Blocks: All-time- George Johnson (863) | Current- Brook Lopez (724)
One of the most prolific shot-blockers of all-time, George Johnson tallied about 41.5% of the blocks with which he would later place 16th in NBA history as a Net. Perhaps most impressive, Johnson recorded his franchise-leading 863 rejections across just four seasons with the team—in his case, 305 games’ worth. On this level, Lopez simply does not compare. He’s never blocked as many shots per game, per season, or at a rate comparable to Johnson during just an average season with the Nets. That does not mean Lopez cannot be a factor in this race, however. True to the very principles of franchise leaderdom, volume is Brook Lopez’s best friend here. Though it’s taken him 109 more games to do so, he’s come within shouting distance of Johnson’s mark. To date, here is how Lopez’s slow-and-steady climb compares to Johnson’s torrid pace:

An average Geroge Johnson season with the Nets consisted of about 215.8 total blocks—an impressive 2.8 blocks per game for 76.3 contests per season. In comparison, a routine Brook Lopez season has thus far yielded about 1.1 less blocks per game, 17 less appearances, and 112 less total rejections.
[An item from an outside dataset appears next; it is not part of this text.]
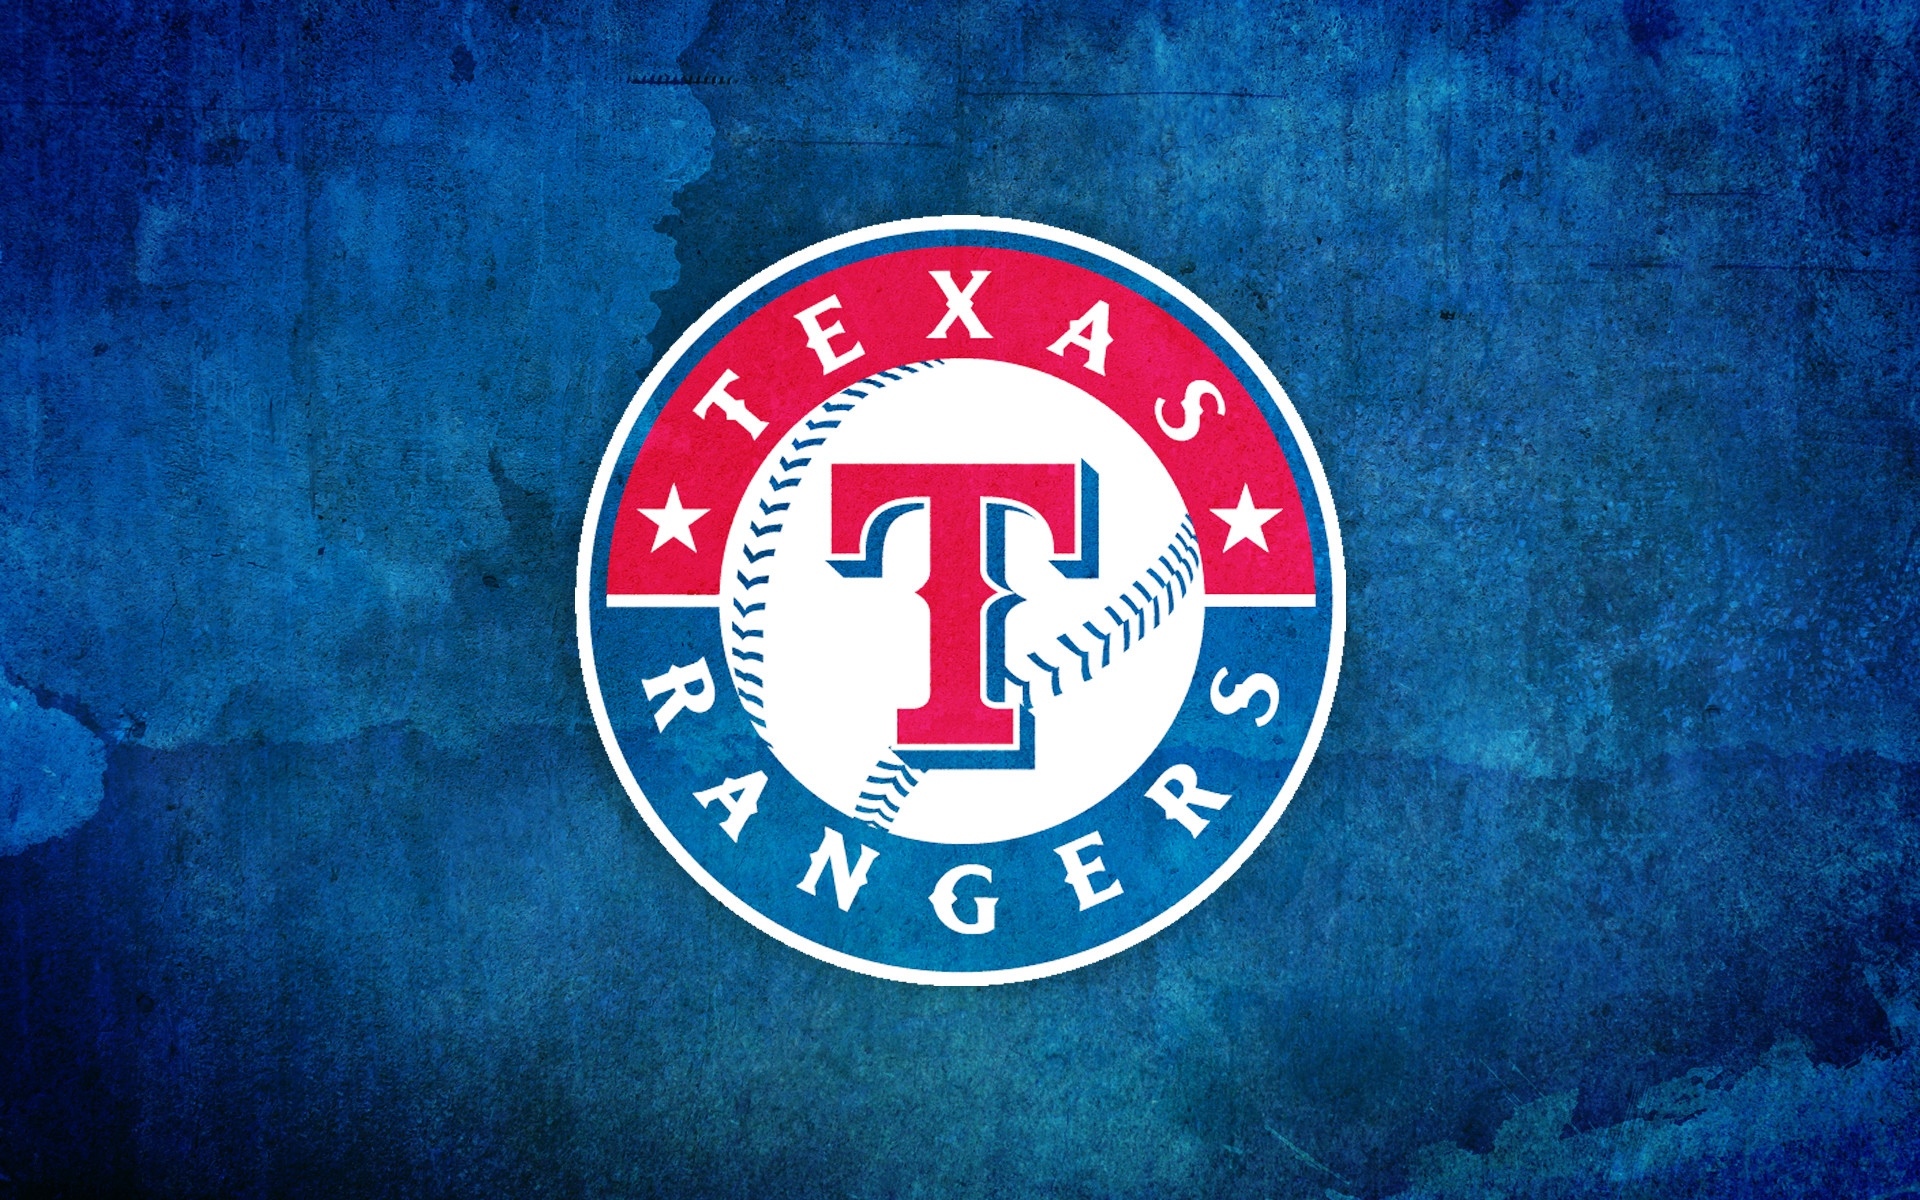 1920x1200 Texas Rangers Wallpapers and Screensavers

And yet, thanks to the aforementioned principles that be, Lopez is very much in the running to overtake Johnson as the leading shot-blocker in franchise history. Provided Lopez continues along his 103.4 block-per-season pace, he could realistically surpass Johnson’s mark sometime before the all-star break of the 2016-17 NBA season. Even still, in the event of a season-shortening setback, given the big-man’s warbly history with leg injuries in the past four years, his recent three-year extension with the franchise likely provides him more than enough time to etch his name above Johnson’s. By all indications, lest a trade or dilapidating injury irrevocably mangles Lopez’s shot at making history in Brooklyn, his aim at franchise leaderdom is more likely a matter of when rather than if.

Steals: All-time- Jason Kidd (950) | Current- Brook Lopez (232)
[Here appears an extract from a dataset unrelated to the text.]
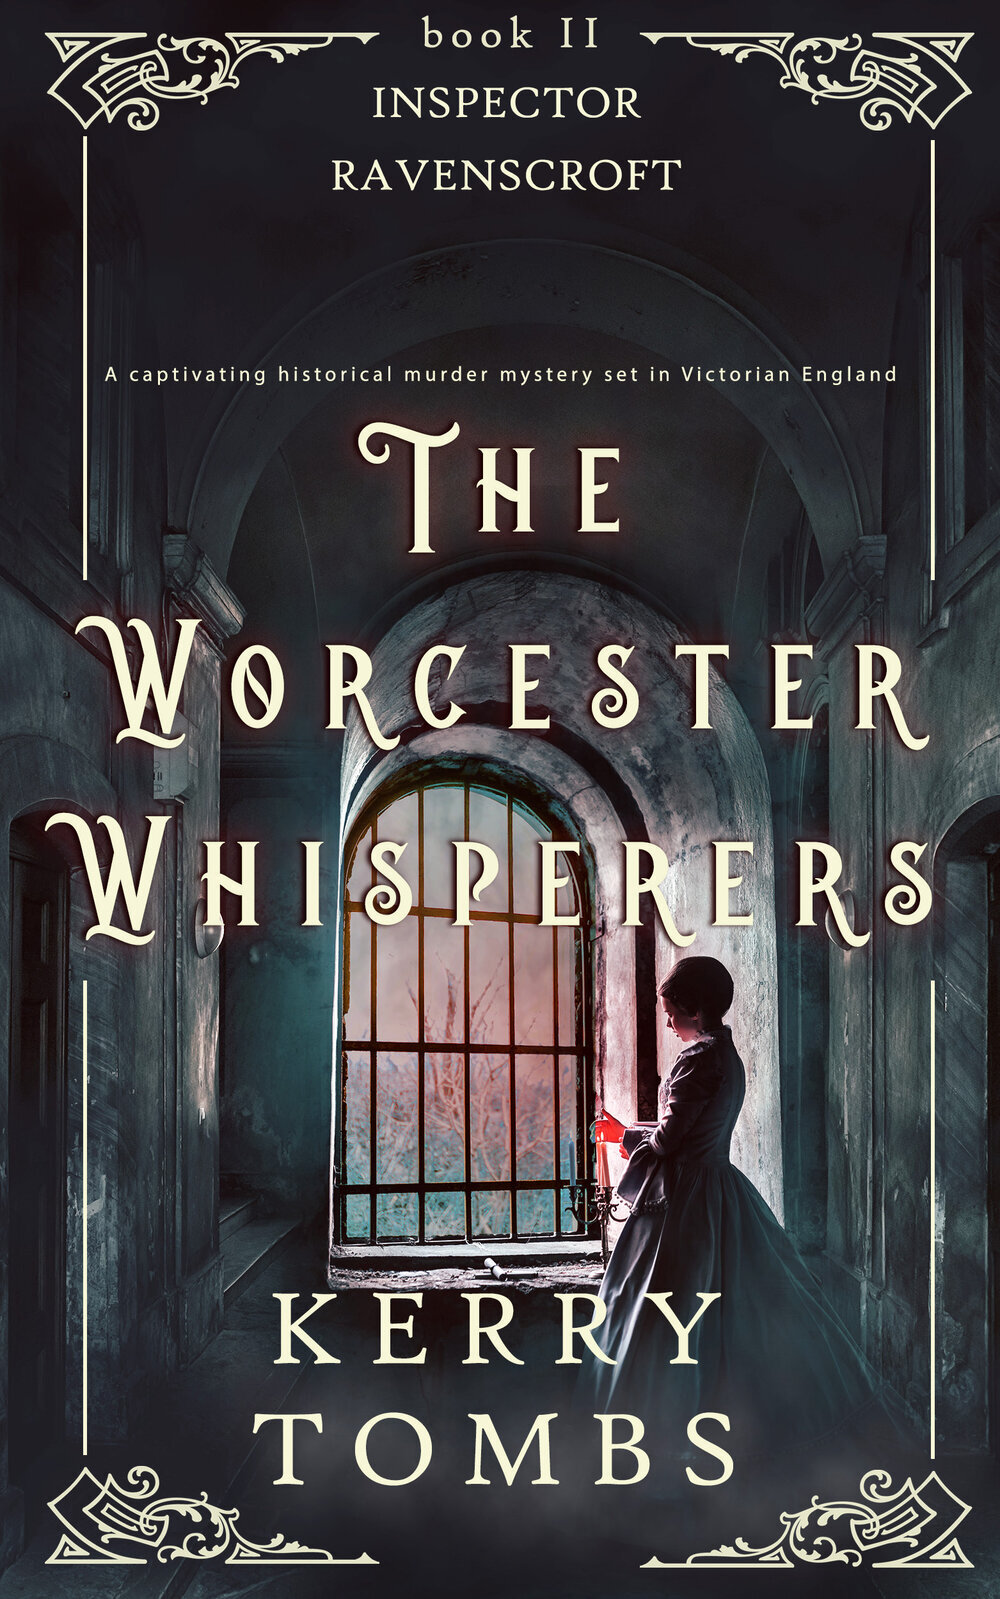 THE+WORCESTER+WHISPERERS+PUBLISH+cover+2.jpg

The second of two strongholds Jason Kidd maintains in Net history books, the all-time franchise steals record, currently most closely challenged by Brook Lopez, will not be changing hands within the next decade. Kidd’s 950 steals as a Net actually represent just about 35.4% of the thievery he committed throughout a career in which he poked away the second-most balls in NBA history. Brook Lopez, quite simply, does not exist in such a space. His current team-leading steals total is largely a function of his being the longest-tenured current Net, and his greatest steals tally, be it on a per-possession, per-game, or per-season basis, does not compare to Kidd’s worst. As the accompanying graph displays, his and Kidd’s proclivity for thievery simply do not inhabit the same plane of existence:

To date, Kidd’s and Lopez’s respective Net tenures have both spanned seven years. While Kidd’s term yielded a total of 950 steals in 506 games—1.9 steals per game, across 72.3 appearances per season (the last of which was cut short by a mid-season trade)—Lopez’s stint with the franchise has not lent quite as fruitfully to this category. Appearing in 92 less contests and poking away 1.3 less steals per game over a similar time period, Lopez has failed to even sniff Kidd’s mark, managing a relatively meager 232 total steals. At his current pace—33.1 steals in about 59.1 appearances per season—Lopez would have to play for the next 22 seasons, through the age of 48, to top Kidd’s mark. Were Lopez to manage a few more seasons similar to his most recent one (43 steals in 74 contests), he’d nonetheless have to maintain such a pace through the age of 43 to outdo Kidd. By all measures, Brook Lopez is not a particularly realistic factor in this race. Jason Kidd certainly figures to head this category for a good while longer.